Provided material:
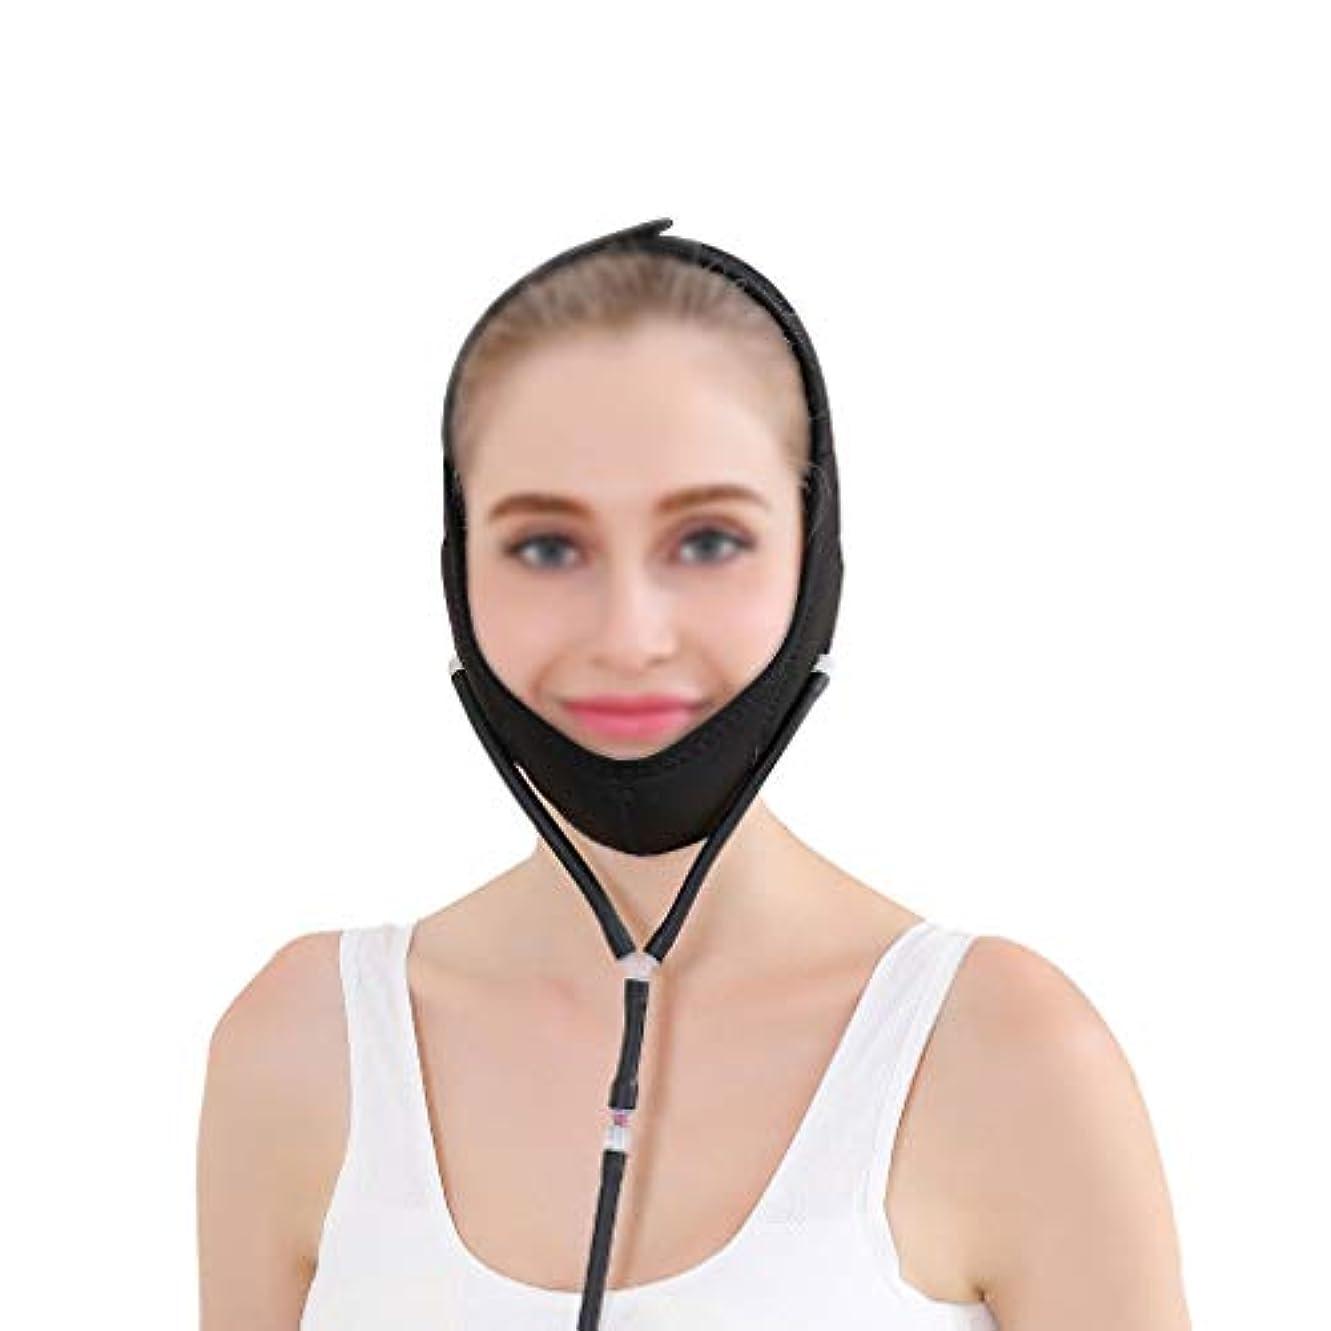 変成器将来の不適GLJJQMY 表面持ち上がる包帯の膨脹可能な圧力回復マスク持ち上がる張力包帯は二重あごを減らします 顔用整形マスク
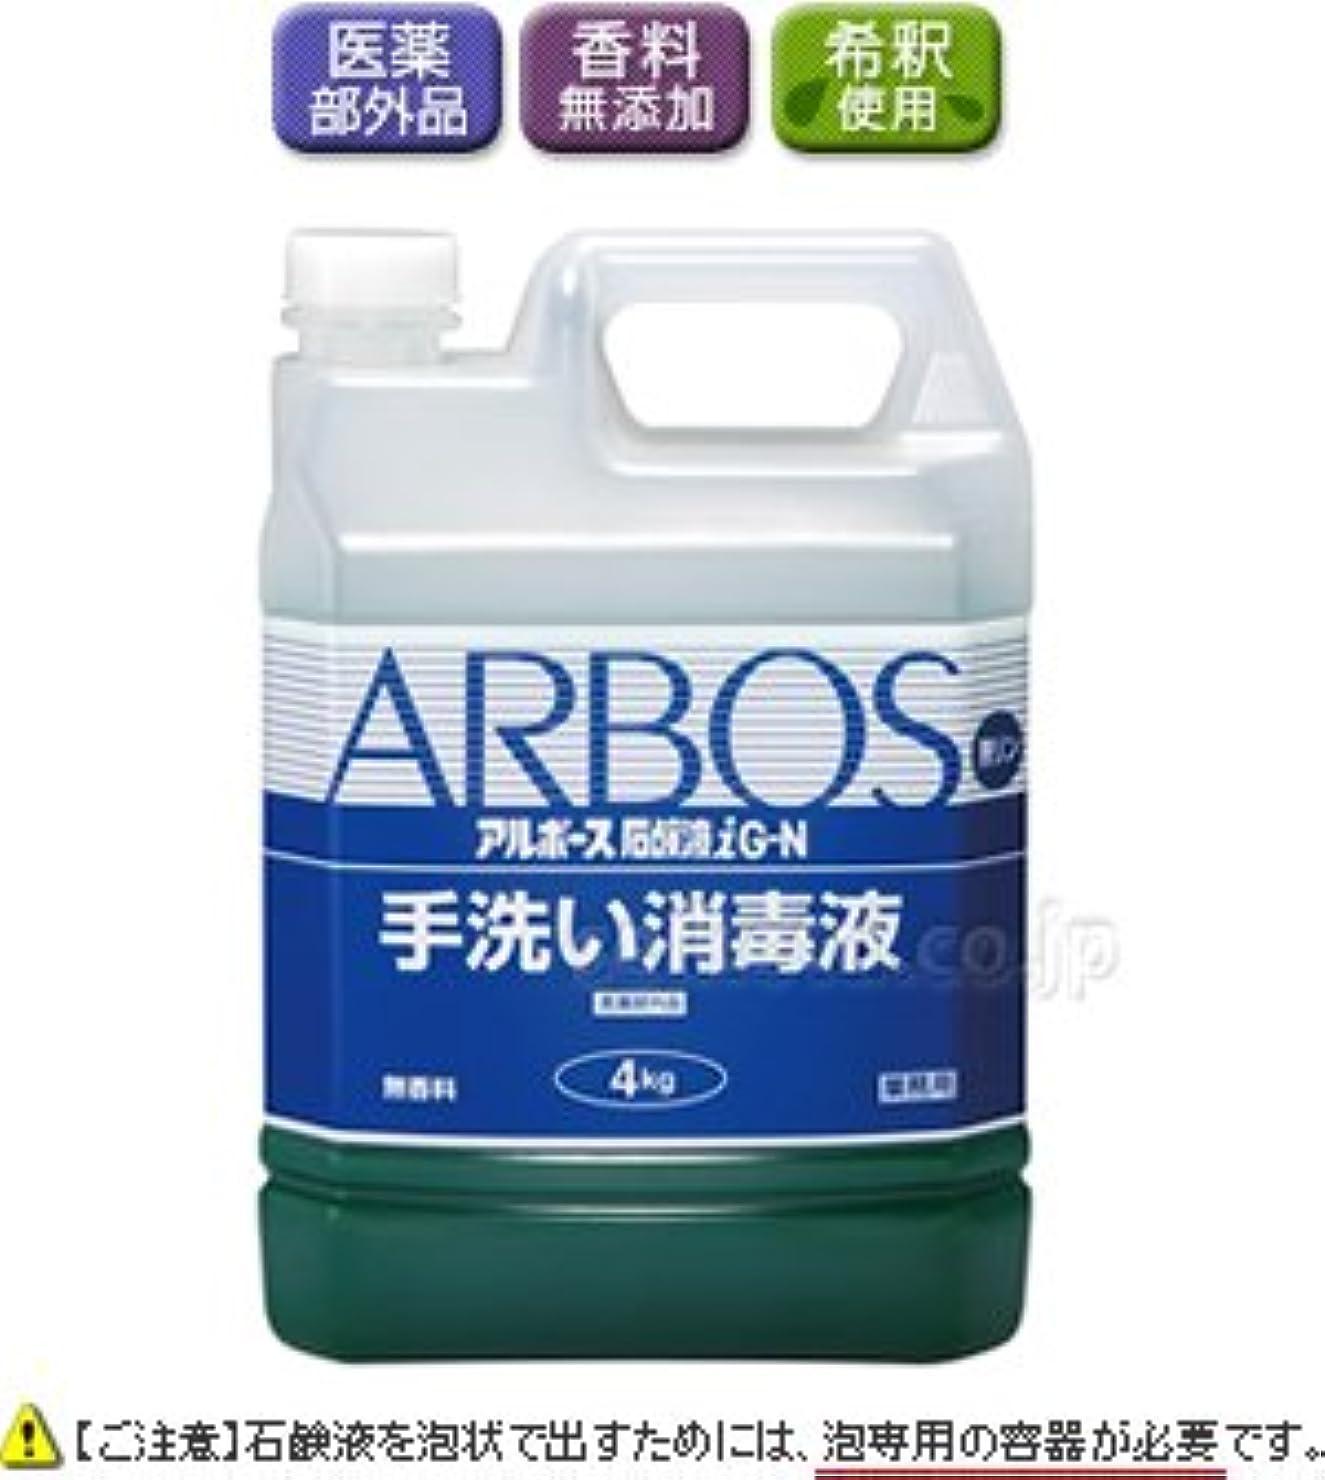 その間破滅近代化【清潔キレイ館】アルボース石鹸液iG-N(4kg×1本)
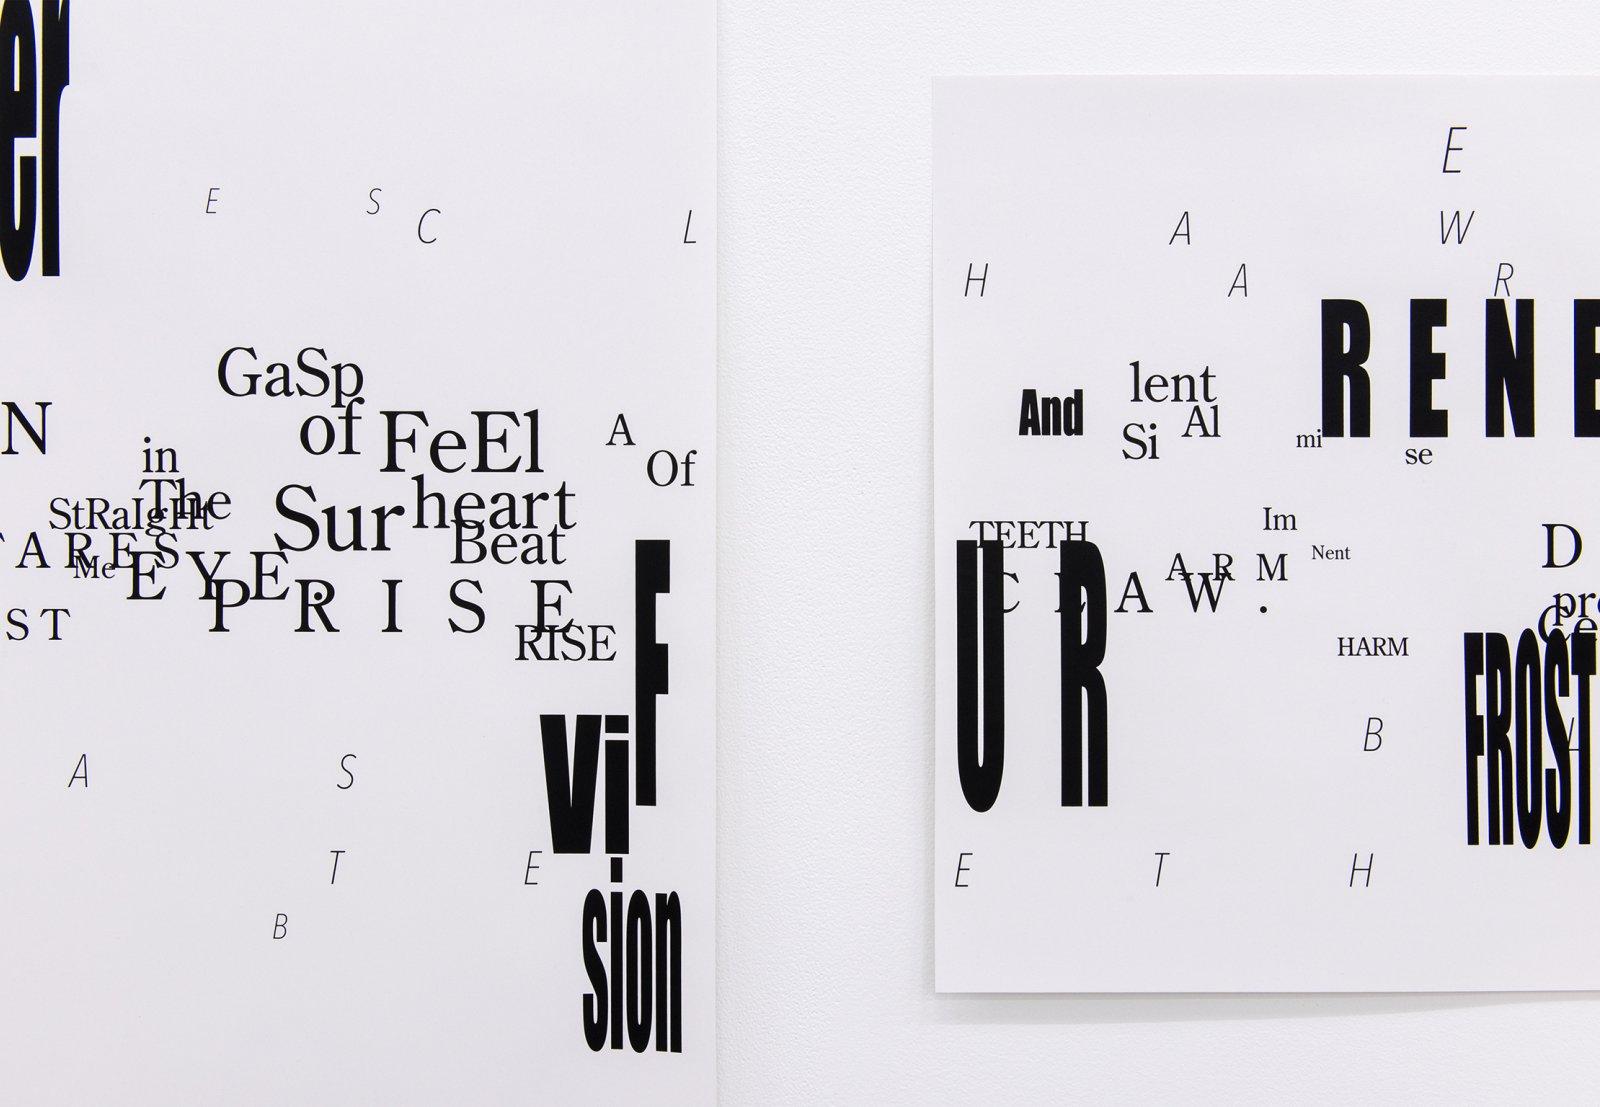 Janice Kerbel, Score, 'Bear' (detail), 2015, 12 silkscreen prints on paper, composition: 33 x 386 in. (84 x 981 cm), each sheet: 22 x 33 in. (56 x 84 cm)  by Janice Kerbel

Exercise:
Print the data once more without any change, skipping each picture.

Solution below:
 変成器将来の不適GLJJQMY 表面持ち上がる包帯の膨脹可能な圧力回復マスク持ち上がる張力包帯は二重あごを減らします 顔用整形マスク
 その間破滅近代化【清潔キレイ館】アルボース石鹸液iG-N(4kg×1本)
 Janice Kerbel, Score, 'Bear' (detail), 2015, 12 silkscreen prints on paper, composition: 33 x 386 in. (84 x 981 cm), each sheet: 22 x 33 in. (56 x 84 cm)  by Janice Kerbel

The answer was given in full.